Lynch’s bill, which is co-sponsored by Jesús “Chuy” García (D-IL), Rashida Tlaib (D-MI), Ayanna Pressley (D-MA), and Alma Adams (D-NC), requires at least three early proof- of concept testing performed within 180 days of approval. They would potentially be run in collaboration with universities or existing financial institutions, and they would be designed to experiment with different technologies. At least one test would have to use a physical card to store the money, while another test would have to store money on a mobile phone or SIM card. Those early tests would be followed by a limited public trial and “general deployment” within 48 months.

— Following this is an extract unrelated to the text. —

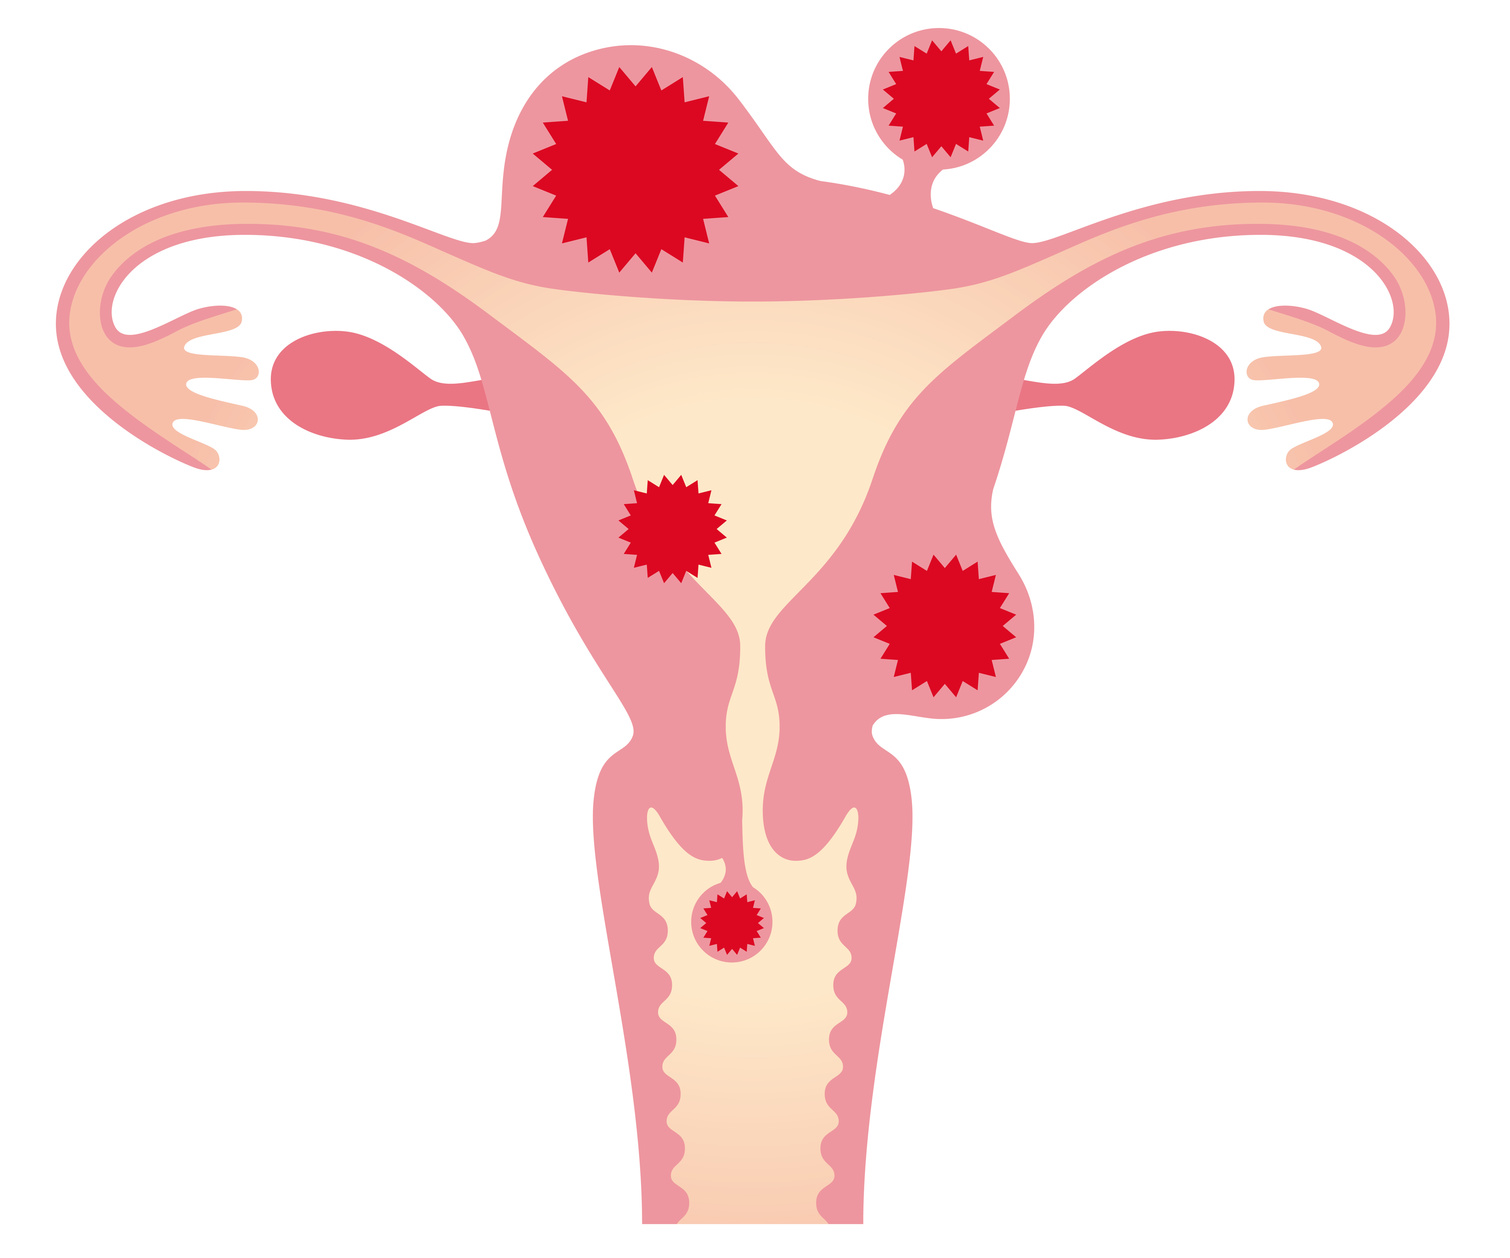 子宮筋腫は良性腫瘍とはいえ、早期発見が重要

Lynch’s bill builds on widespread existing interest in a US “digital dollar.” The Federal Reserve released a preliminary report on digital currencies earlier this year, suggesting it could benefit Americans not served by the current banking system. More recently, the Biden administration has included a central bank digital currency (CBDC) as an action item in its cryptocurrency executive order. Many governments outside the US were already exploring digital currencies. Among other initiatives, the European Commission plans to propose a “digital euro” in 2023, and China launched a “digital yuan” pilot program in January.

The bill specifies that e-cash is distinct from CBDCs and would not replace a potential Federal Reserve program. Such as CoinTelegraph explainsthere is no central or distributed ledger that tracks transactions. This preserves anonymity, but it also means that users’ digital money would be lost if the device or card containing it is lost. It would build on existing Treasury cash replacement systems, such as EagleCash, a digital cash-storage card for members of the military.

The goal is to “complement and advance” other Biden management tools while getting a simple digital currency system into Americans’ phones and wallets. “Cash remains our strongest tool to advance financial inclusion while preserving privacy and security,” said Rep. García in a statement. “New digital tools should imitate – not replace it.”